Hana Abdur-Rahim, a Black Lives Matter activist and co-founder of Black Abolitionists Collective of Ohio, along with other protestors, hung a sign in front of City Hall after the Andre’ Hill shooting death that read: “Columbus is not safe for Black People.”
This continued violence against the black community is a historical remnant of slavery. President Donald J. Trump and his outgoing Attorney General William P. Barr, along with “tough on crime” politicians, have intentionally reinforced this racial violence with calls for more “police brutality” and extreme “law and order” messaging.
Race-baiting politicians and “tough on crime” elected officials have effectively made being black a “reasonable suspicion” of criminal wrongdoing, regardless of how innocent the activity black people may be.
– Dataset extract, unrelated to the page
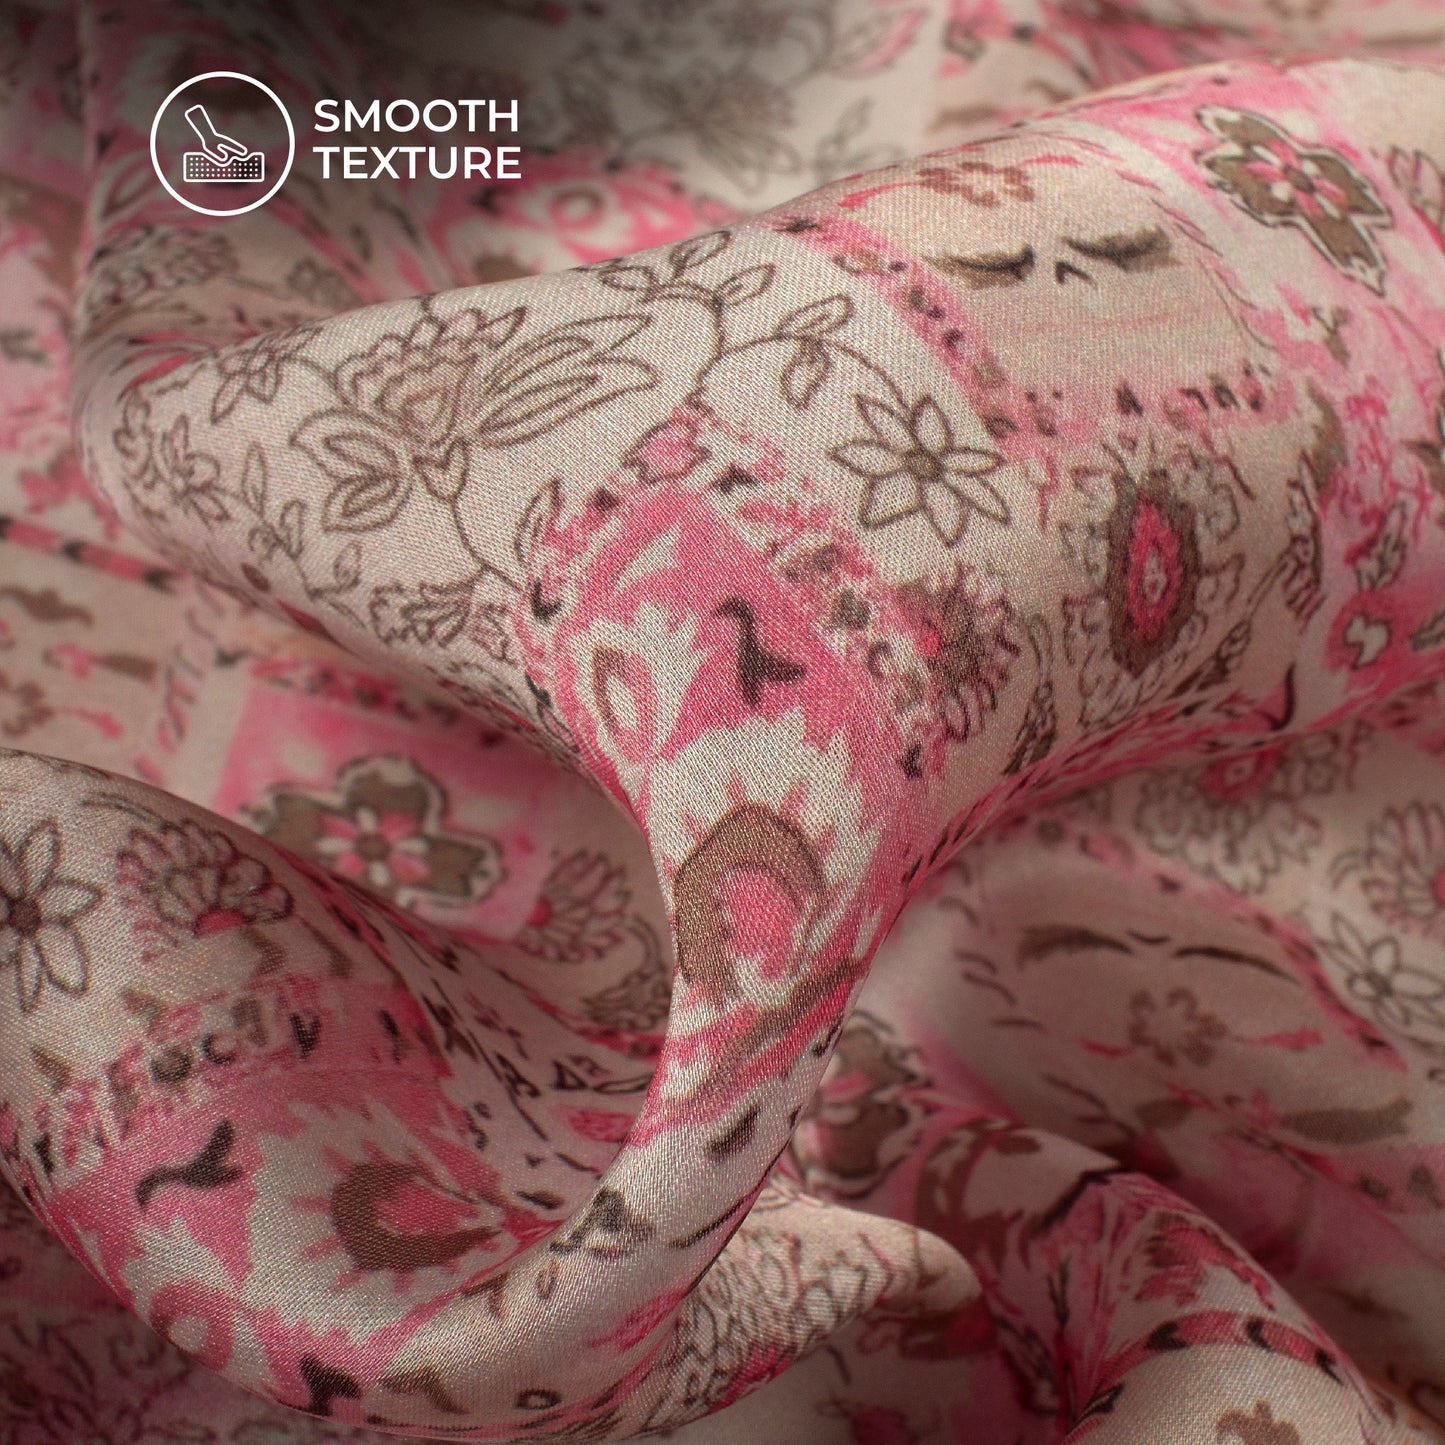 Lovely Pink Floral Digital Print Georgette Satin Fabric

They have made it legitimate for white people to call 911 against black people for no other reason than they do not like black people.
Even black police officers in Columbus are afraid to go out in public because of the racial tensions white police officers have created in the black communities. They do not know if they will be attacked or ridiculed, or the target fake 911 call. Some of these officers have felt compelled to leave the force and move out of the State of Ohio.
What have we become as a society when black police officers pack up their belongings and move their families out of state because they have become “targets” of racism by their fellow white officers?
This is the tragic face of police misconduct in America. Columbus is only an example of what is happening in cities across this nation.
Police Reforms Necessary Priority for America
Police reform must be the first priority of President Joe Biden’s Justice Department, and its civil rights division must vigorously go after police officers who routinely violate black and brown people’s civil rights in this country.
And we are not talking about perfunctory “investigations” by the FBI.
There must be indictments and prosecutions of racist white police officers who kill innocent, unarmed black people. There must be an immediate restoration of “consent decrees” against state and local police departments that do little, if anything, to rid themselves of racist officers and practices. Finally, the next President must lead the charge for legislation abolishing qualified immunity that protects bad cops from civil lawsuits and financial liability. Only through the real threat of incarceration and financial ruin will force the bad apples in our police forces across the country to find a new profession.
Most Americans believe the police are “good cops.” Now is the time for those good cops to stand up and support reform.